Hearing God Part 4 – How Much Wine Do You Want?

From Alan Smith’s Blog

I love the story of Jesus’ first recorded miracle. He was at a wedding with his mom. When the party ran out of wine, Jesus turned approximately 180 gallons of water into the very best wine. I’m sure it was an excellent party!

The thing that strikes me about the story is that Jesus is not the one who determined the quantity of wine that was created. That was completely up to the servants who went to fetch the water. How much wine did Jesus create? He created as much wine as the water they brought. His provision was proportional to their expectation.

This has application in many areas of life, but I’ve been thinking about hearing God’s voice and my observation is that this principle of expectation is extremely relevant to our experience of hearing God’s voice.

Most people that I speak to who struggle to hear God’s voice don’t expect to hear God’s voice. They don’t bring much water so they don’t get much wine. If they want to hear God’s voice with more frequency, clarity, and specificity, they need to adjust their expectations accordingly.

This implies that I can choose what I expect. Many don’t view their expectations in this way. Instead, expectations are simply the inevitable results of past experiences. I expect to experience what I have previously experienced. In this view, I am a victim of my past experiences and I will never step into anything other than what I’ve previously walked in. But what if that’s not true?

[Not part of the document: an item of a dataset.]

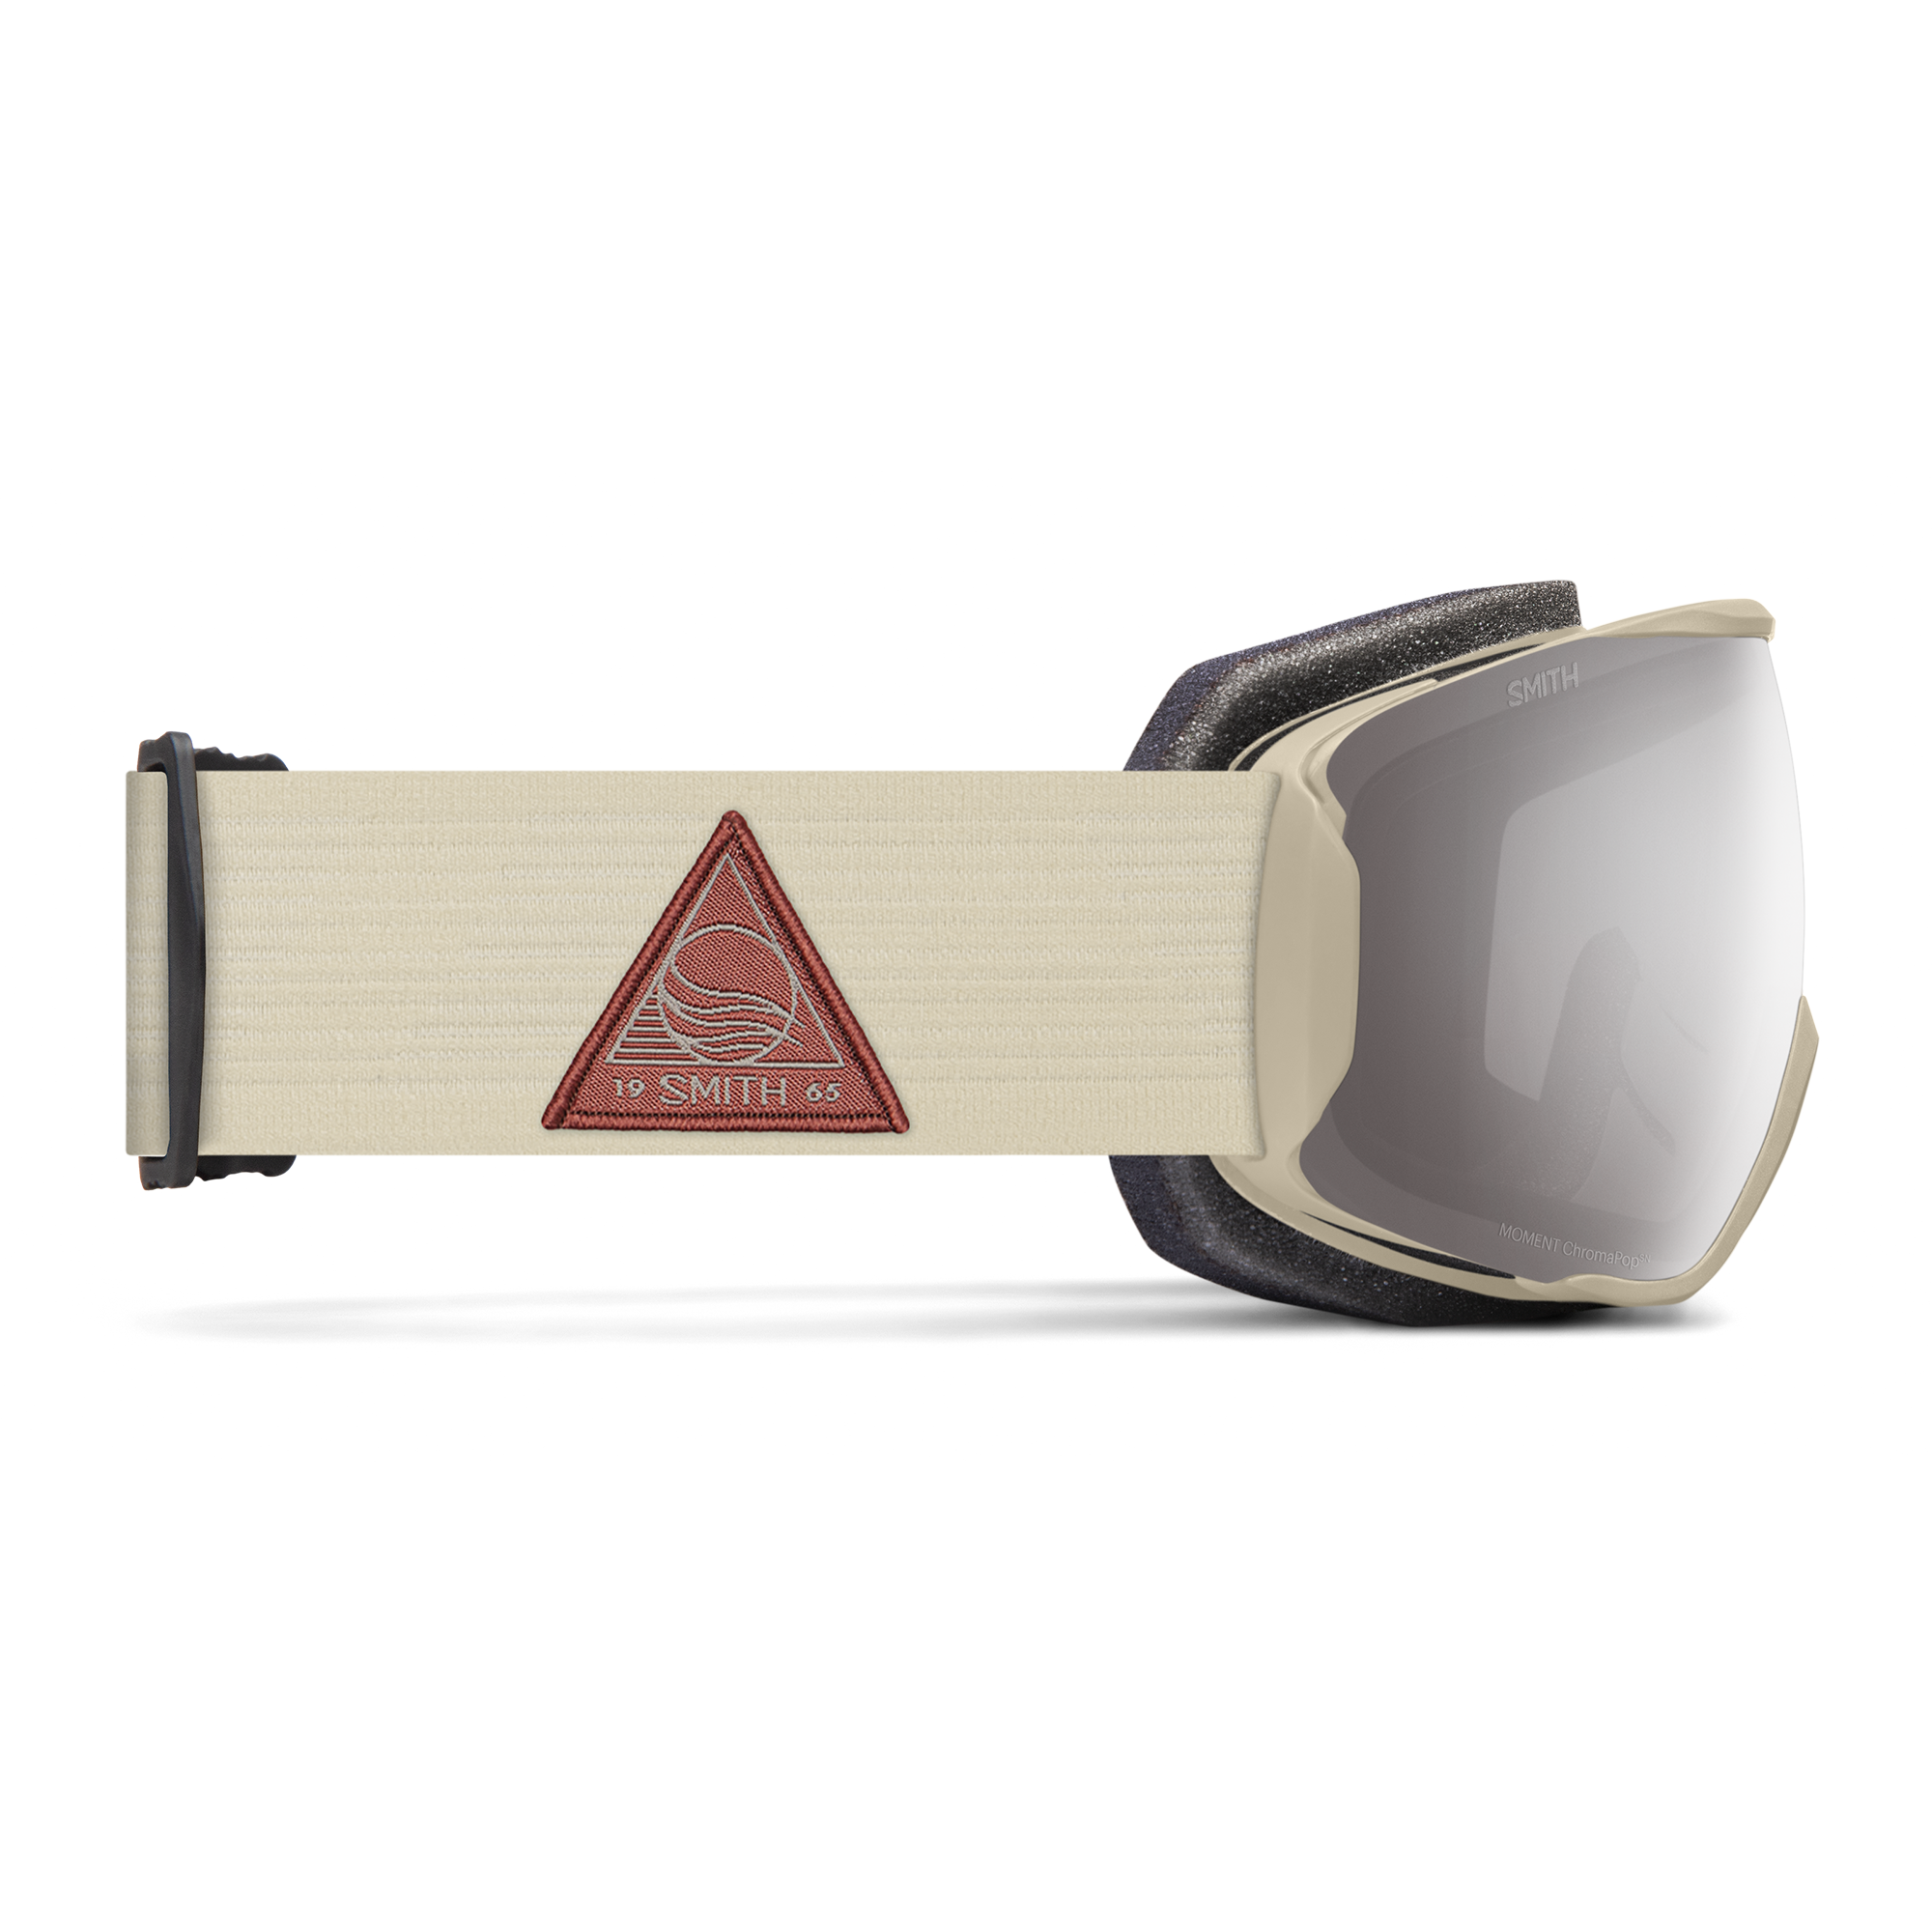 Smith MOMENT - Gafas de esquí mujer white vapor 2021/chromapop

What if, though I’ve never previously seen water turn to wine, I still have the power to choose to bring water to Jesus anyway? What if I can choose my expectations? I think I can. More than that, I think I have. Here’s what I mean. If I can choose my expectations, then perhaps I have chosen my expectations. If I see my expectations as being subject to my experiences, perhaps I have chosen to submit my expectations to my experiences. Perhaps I have chosen to allow my experiences to have authority in my life. Perhaps I’ve chosen this so consistently for so long that it really doesn’t feel like a choice anymore. It has simply become the lens through which I view reality. If I remain in the grip of this assumption, I will remain a victim of my past experiences. My past experiences (or the lack thereof) will actually be lord of my present and my future.

If you’ve struggled in the past to hear God’s voice. Today you can make a choice that this past experience does not have authority over your present expectations. Instead, you can determine that God is in charge. His word is authoritative! Does God’s word tell you that you can hear God’s voice? (Read John 10) If so, then perhaps you should start hauling some water!